Provided data:
━━━
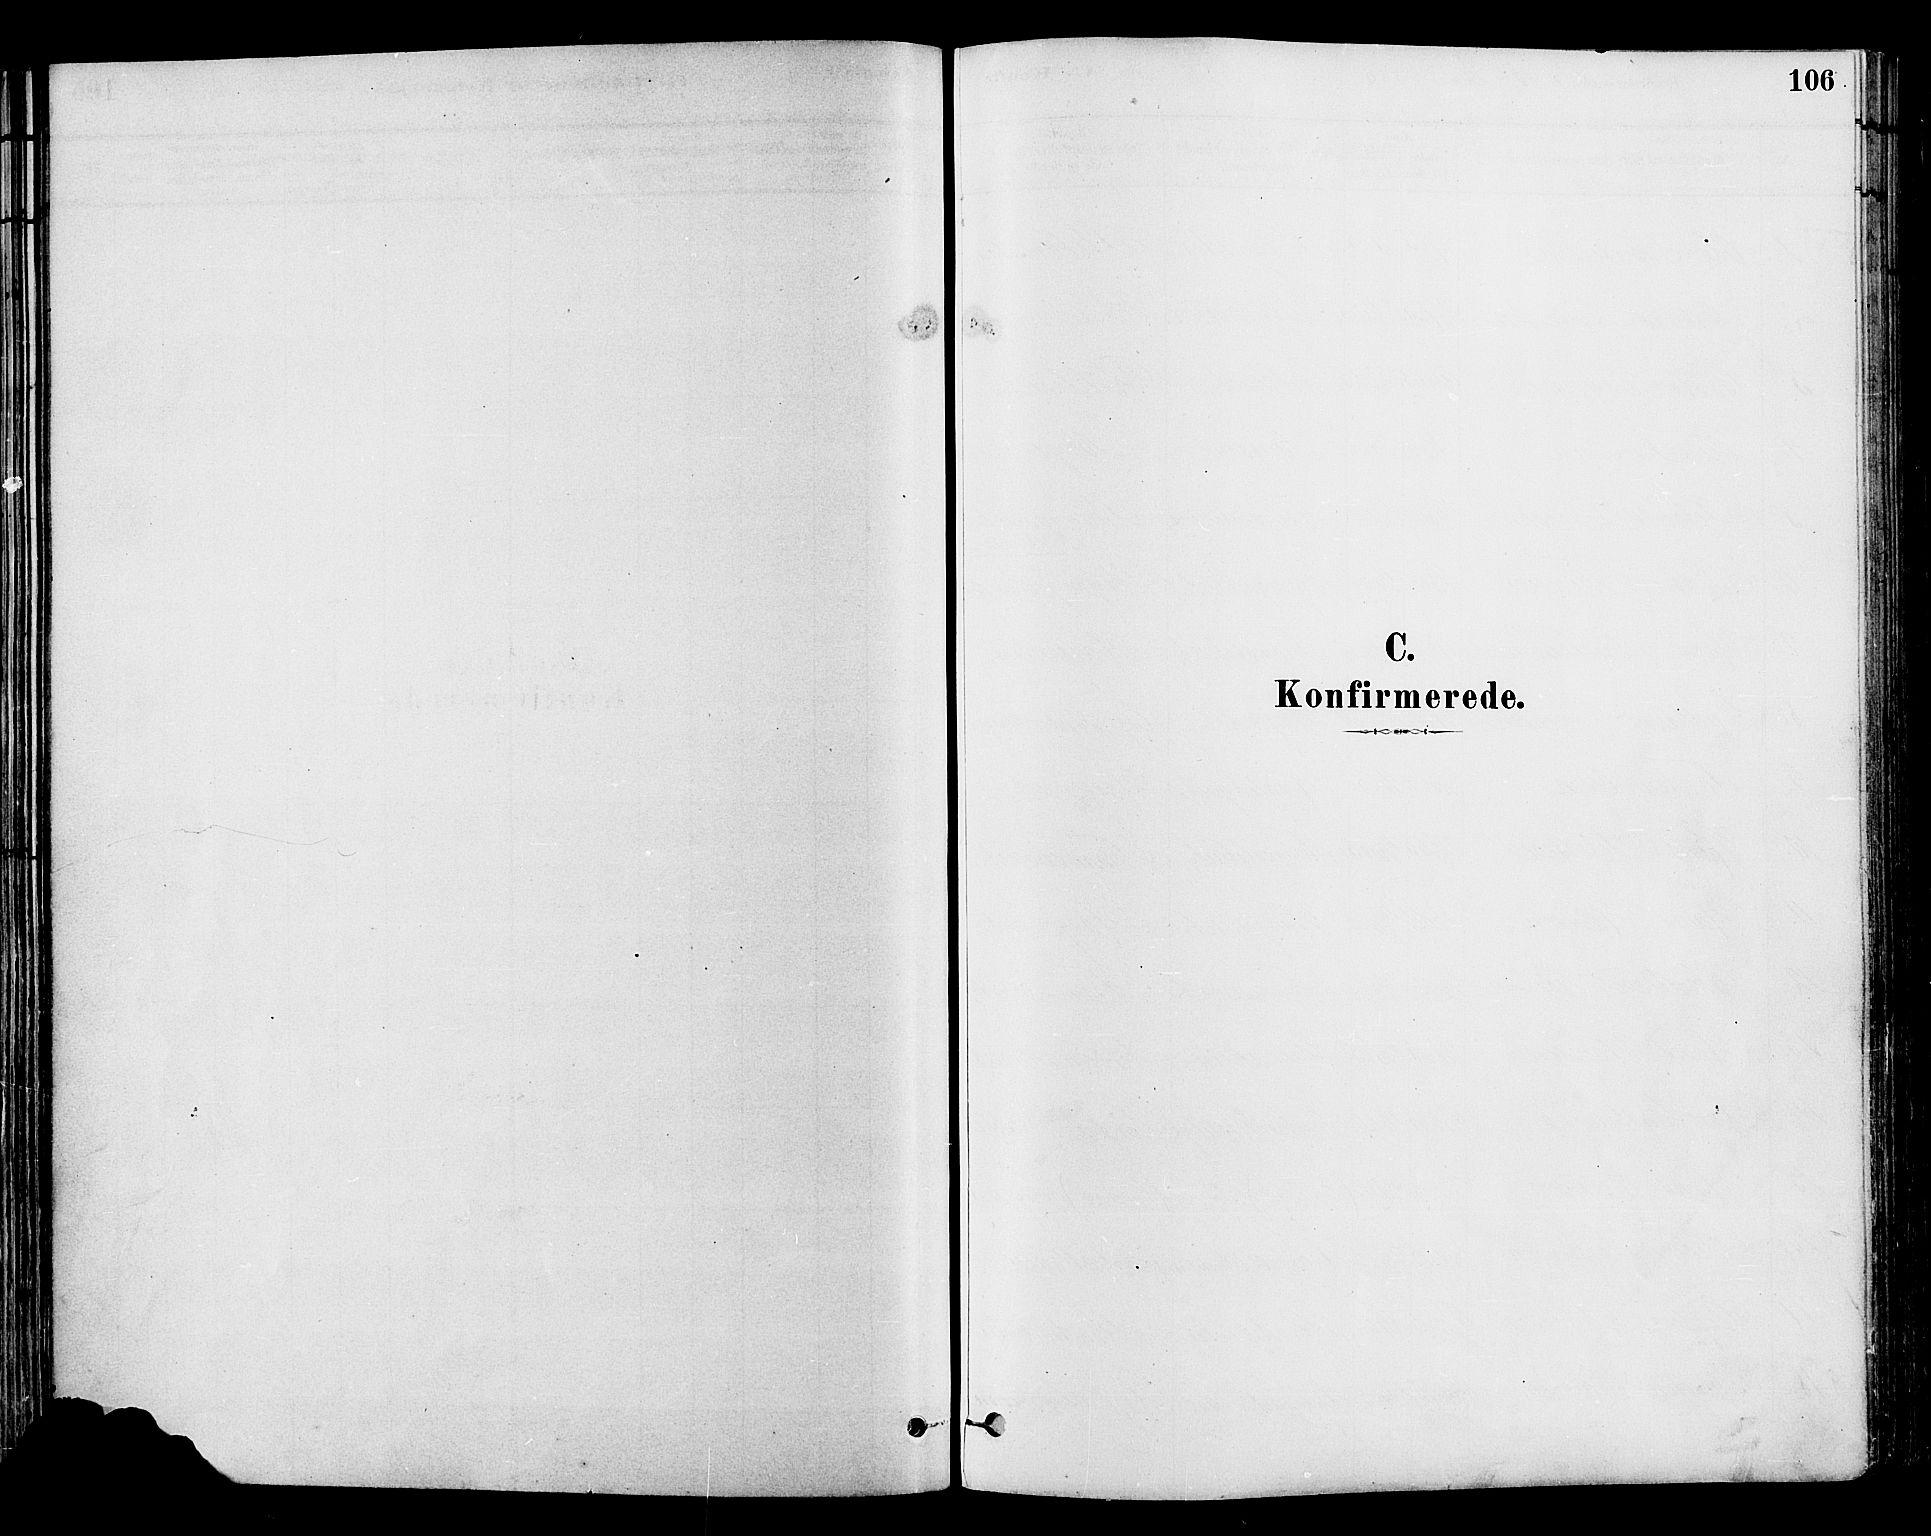 SAH, Gran prestekontor, Ministerialbok nr. 14, 1880-1889, s. 106
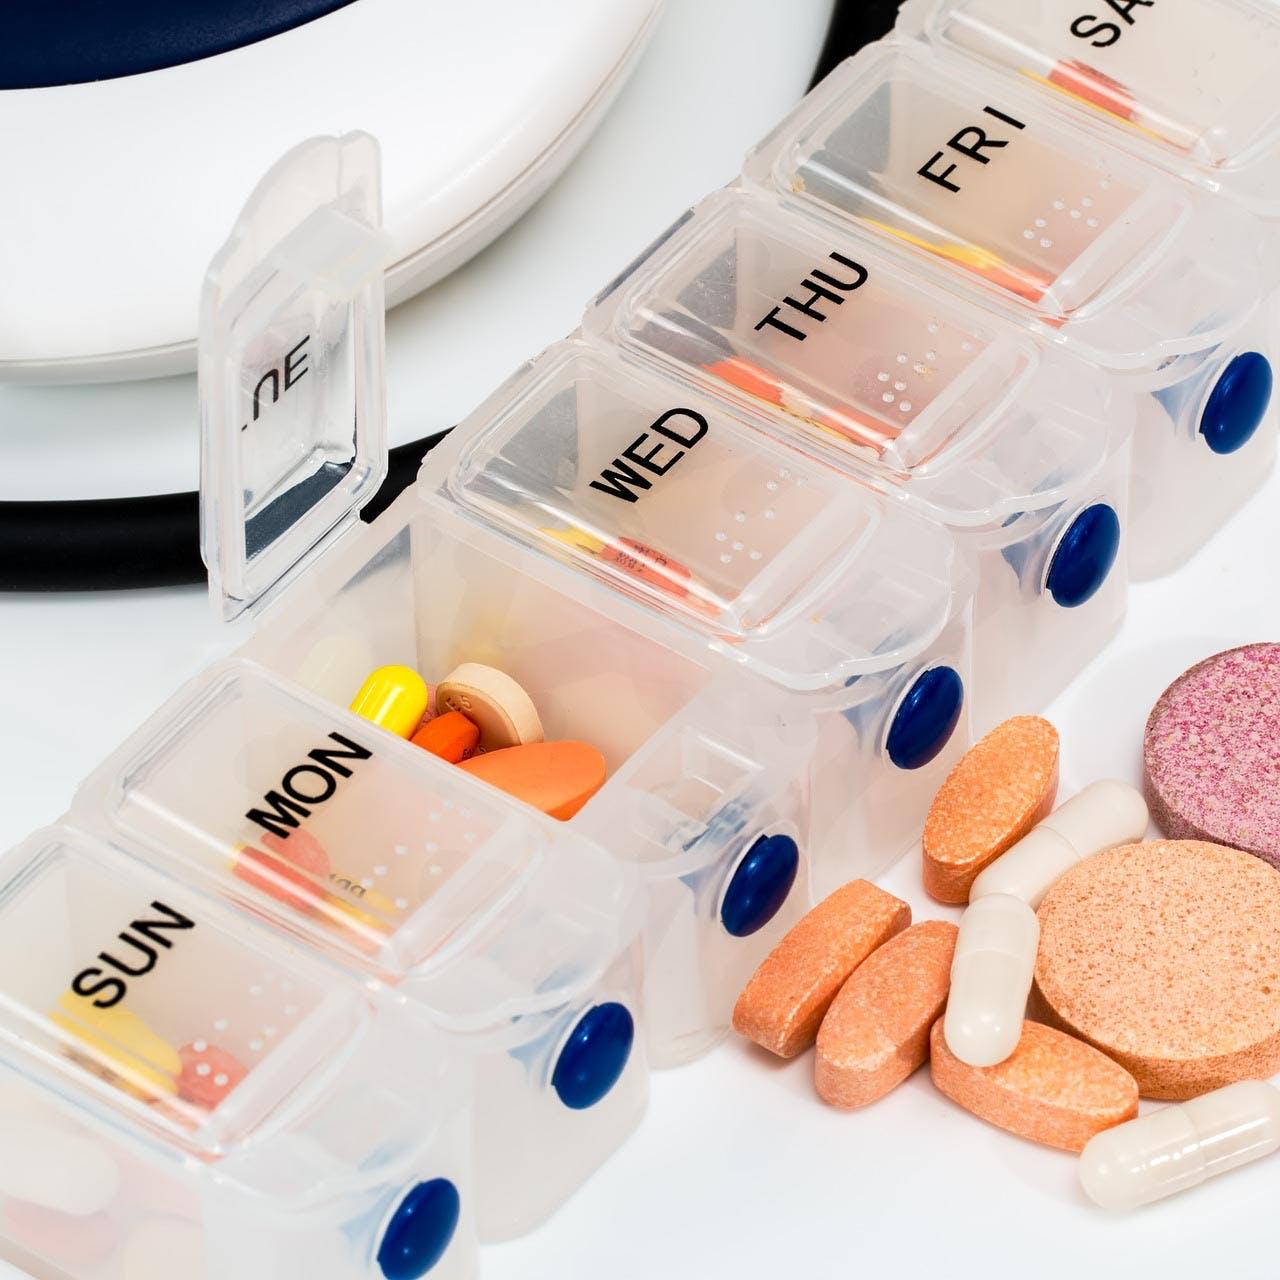 Pill,Product,Medicine,Pharmaceutical drug,Pill organizer,Material property,Capsule,Prescription drug,Plastic,Health care
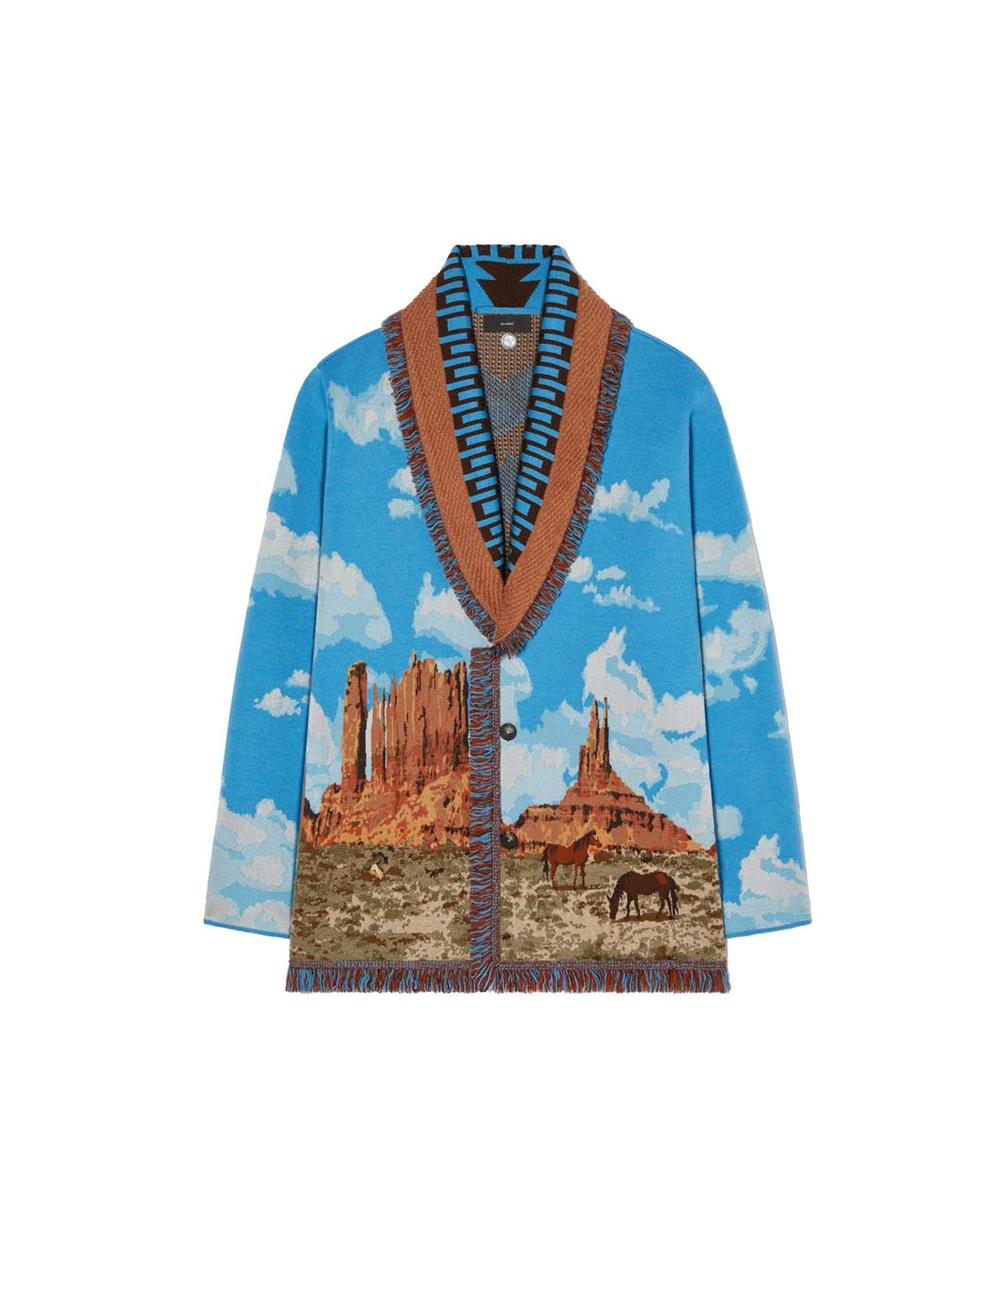 Monument valley cardigan Alanui - BIG BOSS MEGEVE
━━━
Description of the task: The listing should be transcribed exactly. No picture is to appear in the transcription.

Result of the exercise:
 SAH, Gran prestekontor, Ministerialbok nr. 14, 1880-1889, s. 106
 Pill,Product,Medicine,Pharmaceutical drug,Pill organizer,Material property,Capsule,Prescription drug,Plastic,Health care
 Monument valley cardigan Alanui - BIG BOSS MEGEVE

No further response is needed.